>>>
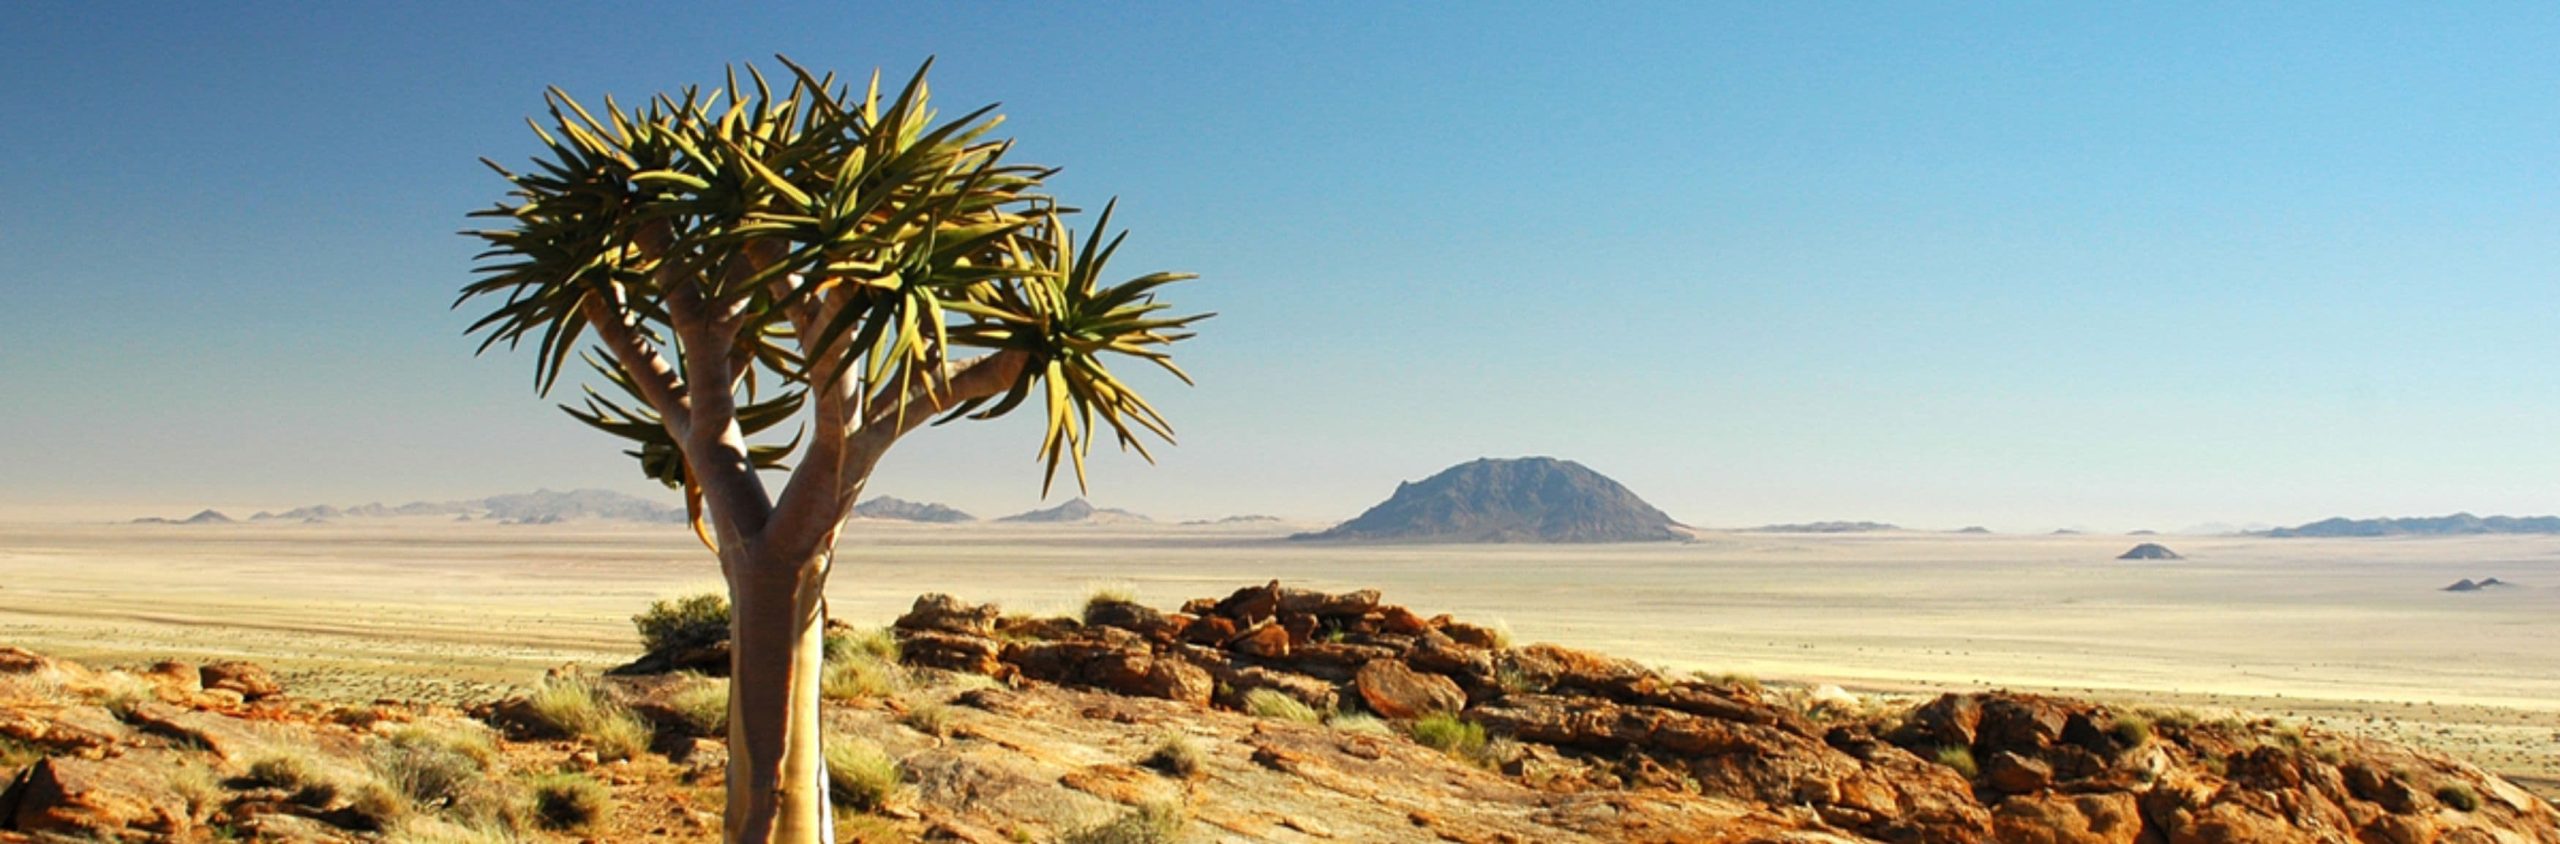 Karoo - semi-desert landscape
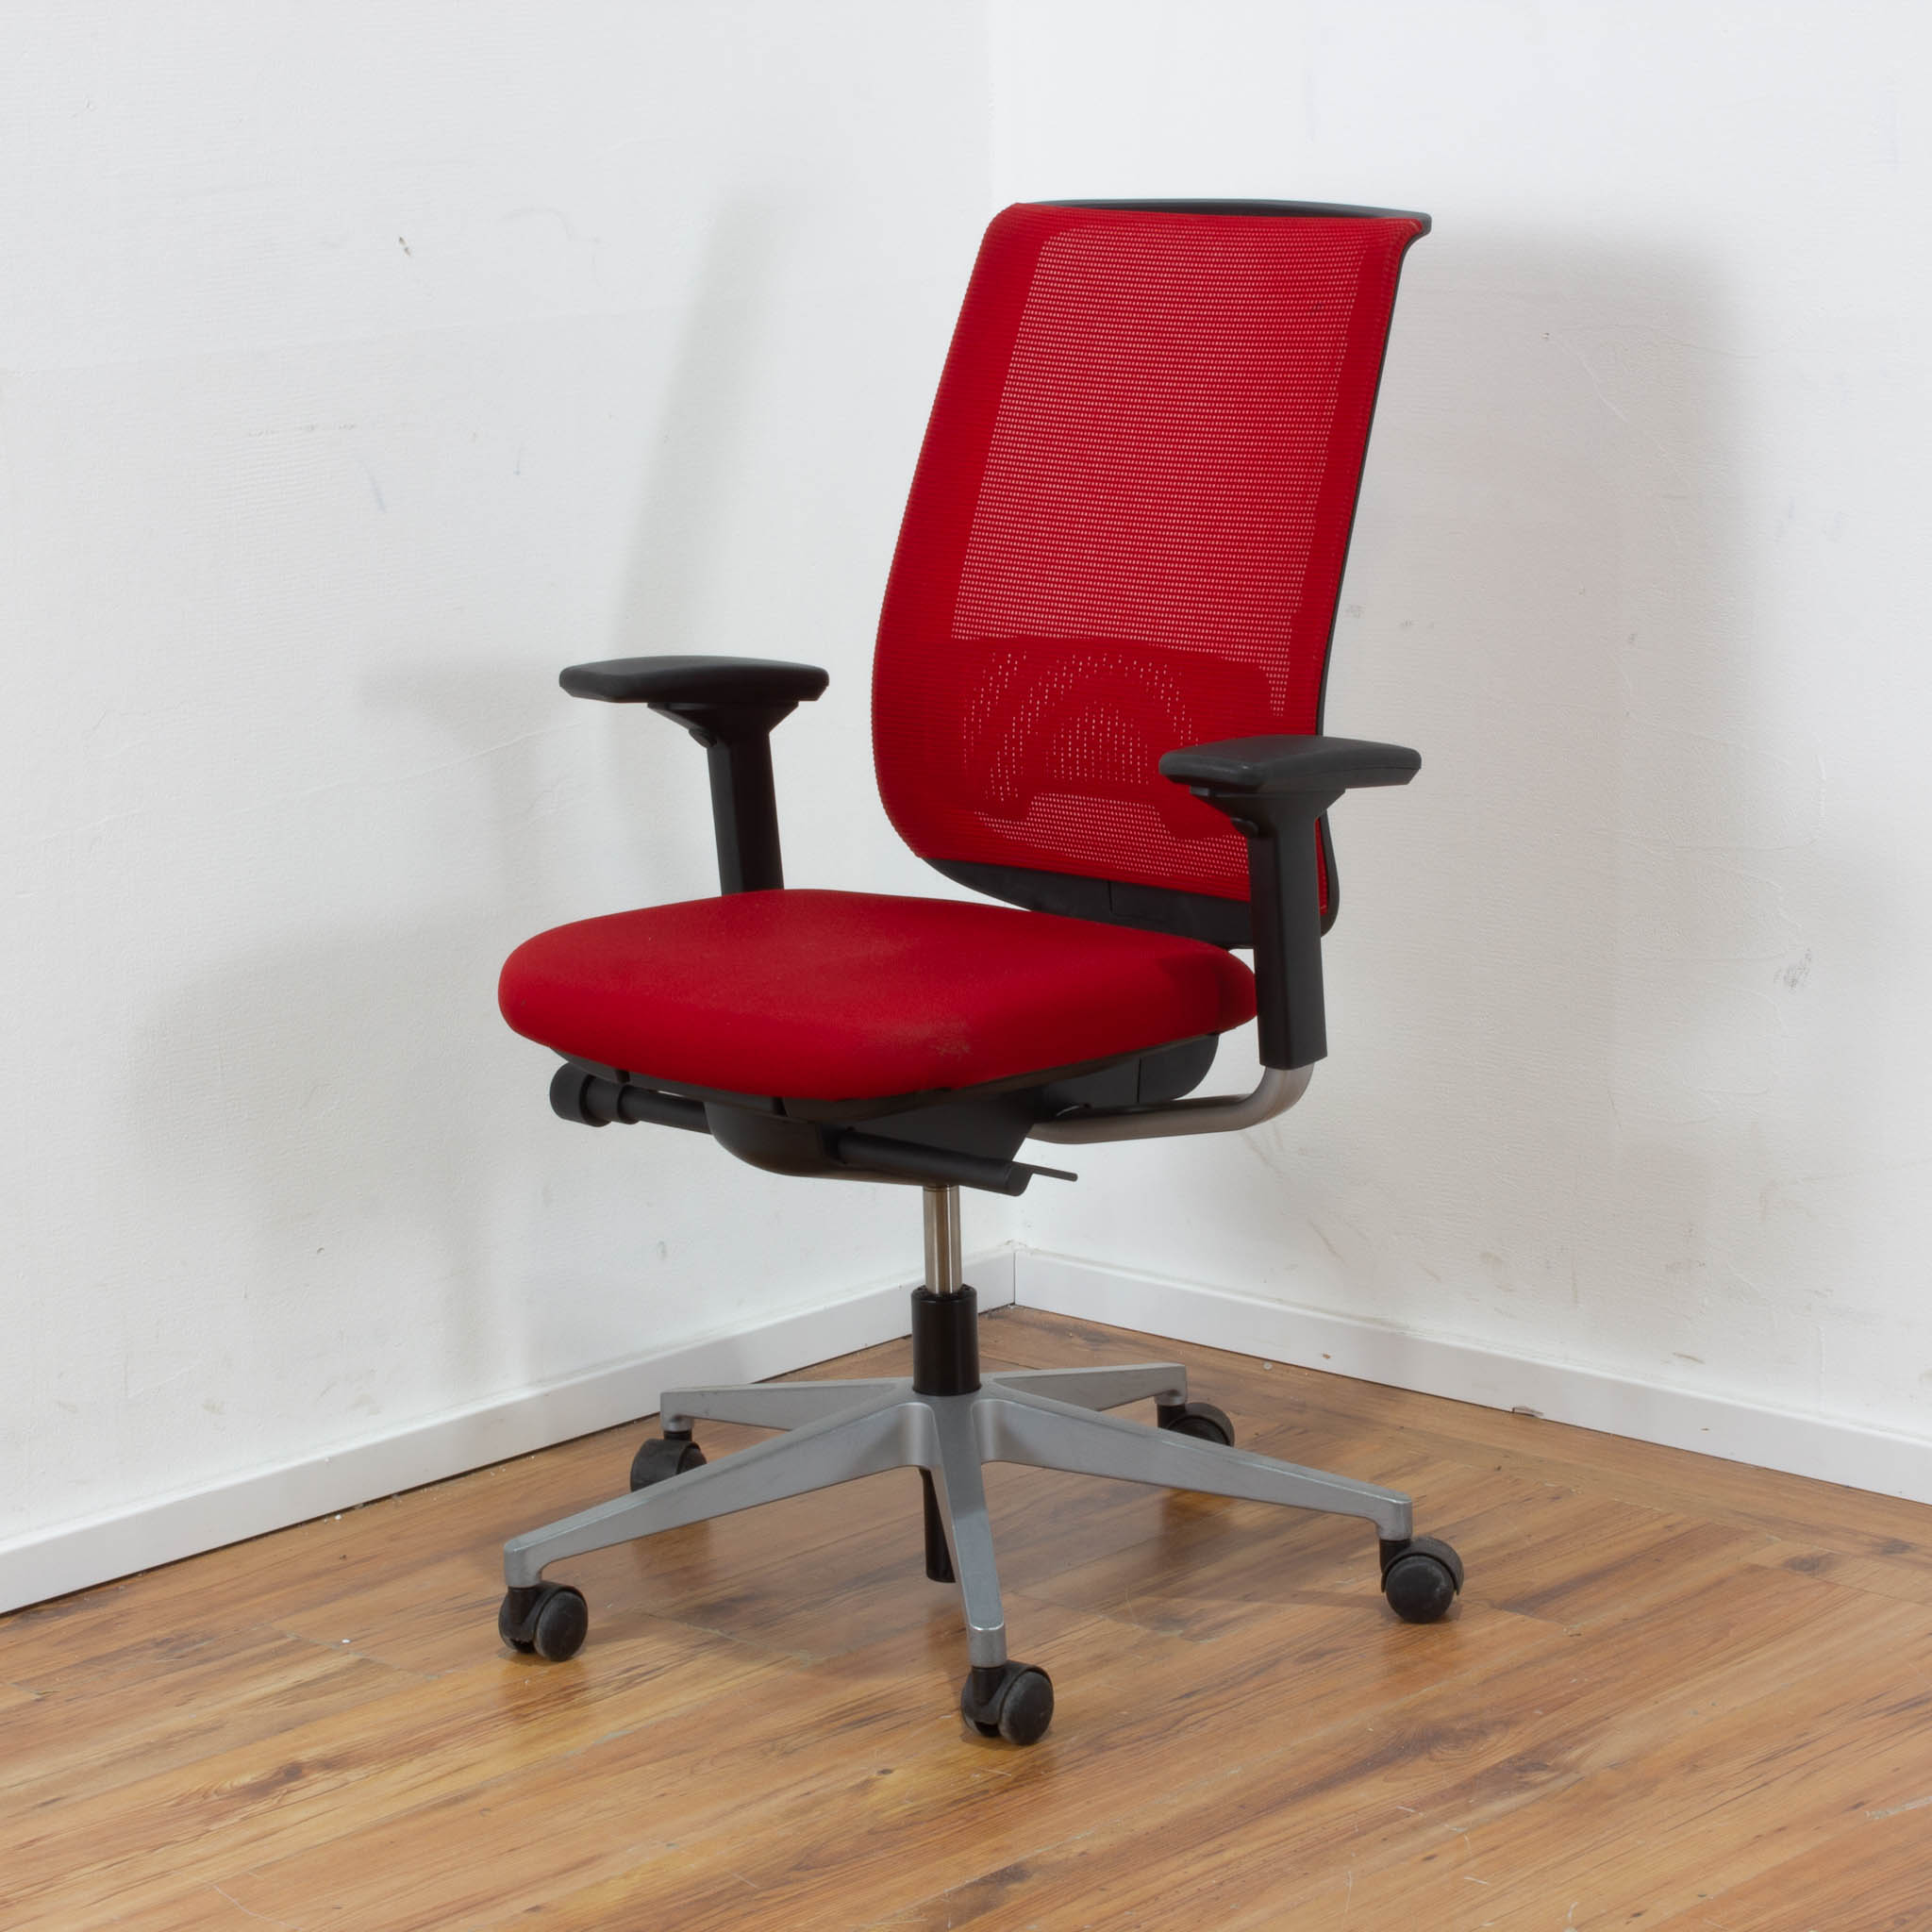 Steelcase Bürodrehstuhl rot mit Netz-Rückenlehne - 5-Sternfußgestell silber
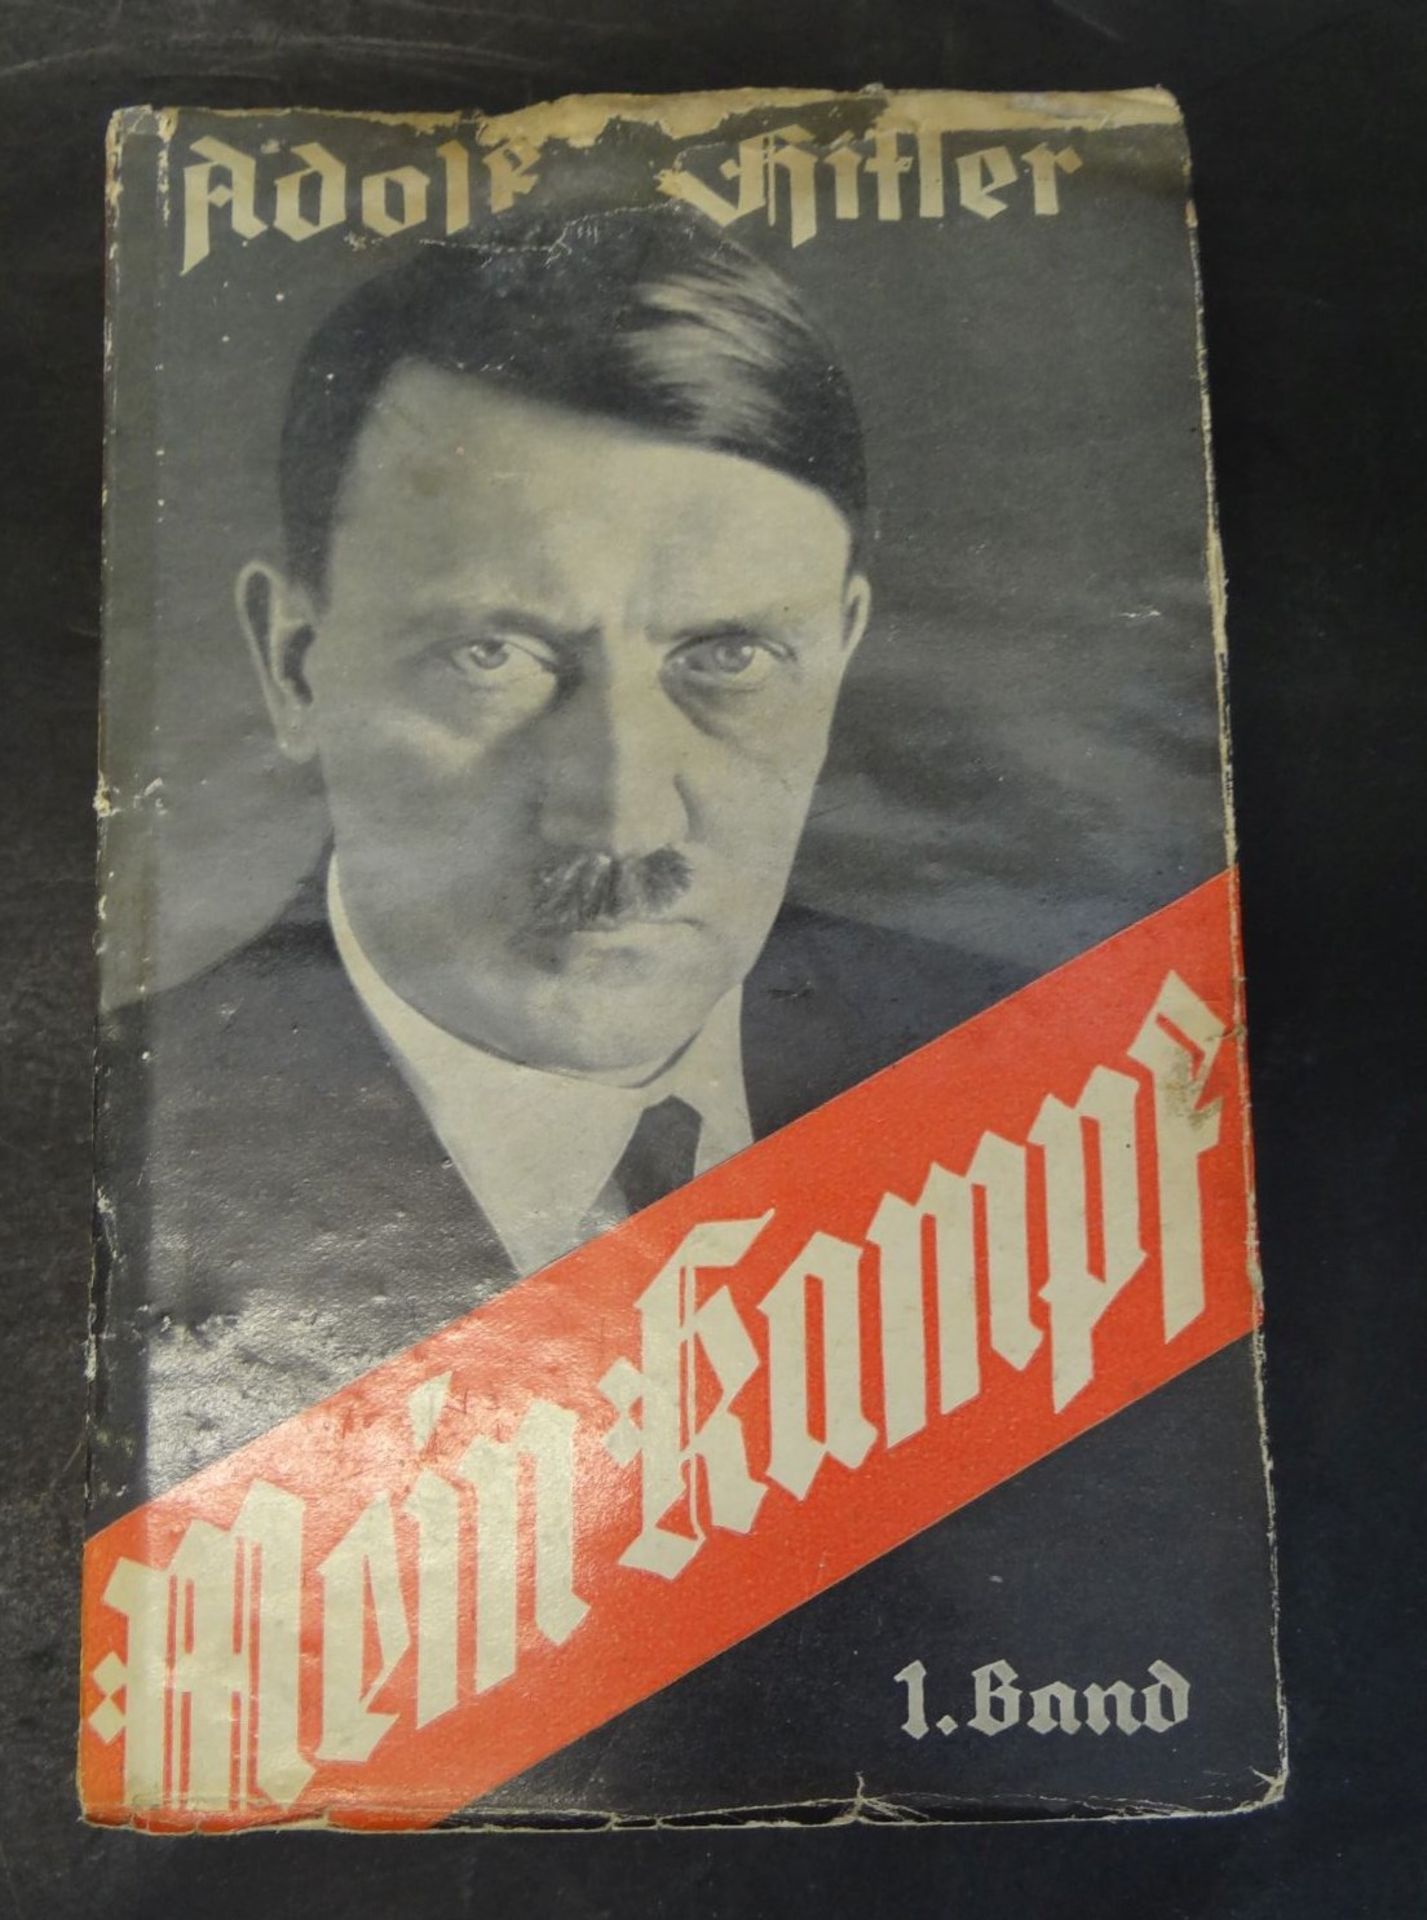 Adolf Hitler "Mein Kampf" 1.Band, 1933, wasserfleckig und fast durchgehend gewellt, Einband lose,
<<<
Output the listing above exactly as it stands; no picture should appear.

• **Exercise output**:
 Karoo - semi-desert landscape
 Steelcase Bürodrehstuhl rot mit Netz-Rückenlehne - 5-Sternfußgestell silber
 Adolf Hitler "Mein Kampf" 1.Band, 1933, wasserfleckig und fast durchgehend gewellt, Einband lose,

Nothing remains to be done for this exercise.